Yemenis protest Houthi shelling of Mocha port


People in Yemen’s Red Sea Mocha town on Monday protested against Houthi missile and drone strikes that damaged parts of the town’s port.
Carrying the national flag and posters, residents in Mocha marched through the streets to denounce the Houthi shelling and demanded the UN protect the country’s civilian locations against the militia’s “terrorist” attacks that violate the Stockholm Agreement.
On Saturday, the Iran-backed Houthis fired a barrage of missiles and exploding drones at the strategic Mocha port, causing damage to recently repaired infrastructure and humanitarian aid and food warehouses.
The attack, which did not cause casualties, came shortly after local authorities were preparing to officially announce resuming operations at the port after repairing parts of its infrastructure destroyed during the war.
Workers at the port said that the Houthi attack has brought operations to a standstill. “We stopped working as we are afraid of drones,” a worker told Al-Ghad Al-Mushreq TV.
The Houthi attack has sparked anger and condemnation from inside and outside the country as it came a day after the new UN Yemen envoy Hans Grundberg delivered his first briefing to the UN Security Council.
Yemen’s Prime Minister Maeen Abdul Malik Saeed said on Sunday that the “terrorist” Houthi attacks on Mocha were meant to deepen the humanitarian crisis in Yemen by targeting the country’s economic infrastructure and burning the port’s warehouses housing humanitarian aid and goods for local merchants.

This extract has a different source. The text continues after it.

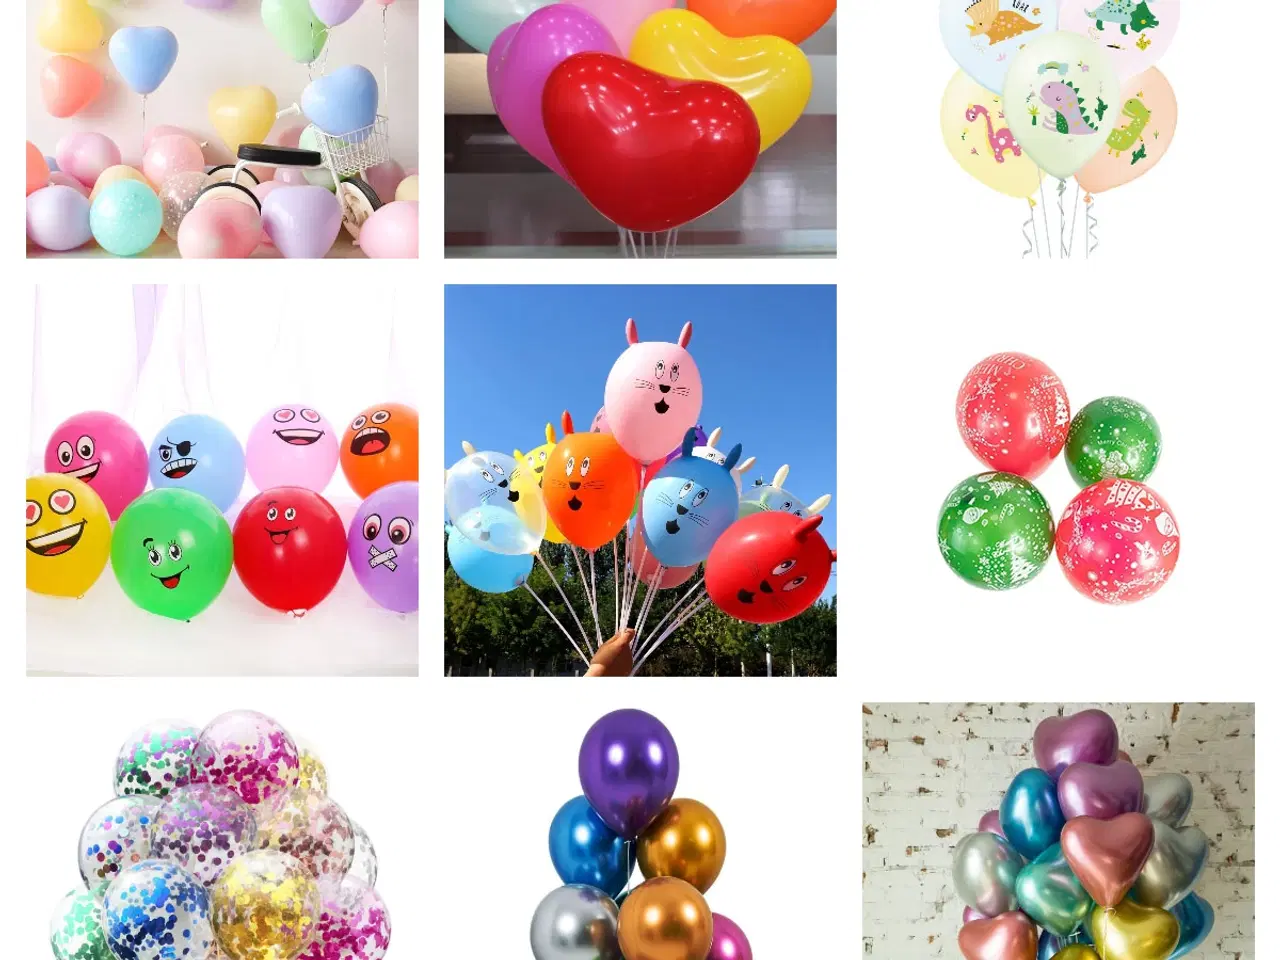 Billede 7 - Køb et ballonstativ og få gratis balloner, gælder

During a meeting with Peter-Derrek Hof, the ambassador of the Netherlands to Yemen, in Riyadh, the Yemeni prime minister called for greater pressure on the Houthis to accept peace, and to stop their military operations across the country and attacks on civilian targets in Saudi Arabia, the official news agency said.
SABA quoted the Dutch ambassador as saying that Houthi military operations in Marib and the targeting of the Mocha port were “worrying signs that do not serve the peace process” in Yemen.
Governor of Taiz Nabil Shamsan also condemned the Houthi strikes on Mocha, saying that the Houthis sought to disrupt the government’s efforts to revive economic activities in Taiz and tighten their siege of Taiz.
Sporadic fighting
Meanwhile, in the neighboring Hodeidah province, sporadic heavy fighting has broken out between government troops and the Houthis in the past 48 hours in Hodeidah city and Hays district.
The Joint Forces, an umbrella term for three major military units on the country’s western coast, said on Sunday night that they pushed back a brief Houthi blitz on their locations in Kilo 16 area, east of Hodeidah, and the Houthis were forced into retreat after suffering casualties.
Several Houthis were killed or wounded during heavy fighting with the Joint Forces west of Hays district in the province.
Hundreds of civilians have been killed by Houthi artillery shelling or land mines since late 2018 when the Yemeni government and the Houthis signed the Stockholm Agreement, which was meant to end hostilities in Hodeidah province.
In the province of Marib, Houthis launched new attacks on government troops in Al-Kasara, Mashjah, Serwah and Jabal Murad, triggering heavy clashes with government troops.
Local media said on Monday that the Houthis mounted a new wave of attacks on government-controlled areas on Sunday, desperately seeking to advance toward the city of Marib. Backed by dozens of airstrikes from Arab coalition warplanes, loyalists managed to foil the Houthi attacks and killed and wounded dozens of attackers.
Thousands of combatants and civilians have been killed in the central province of Marib since February when the Houthis renewed an offensive to seize control of Marib, the government’s last bastion in the northern half of the country.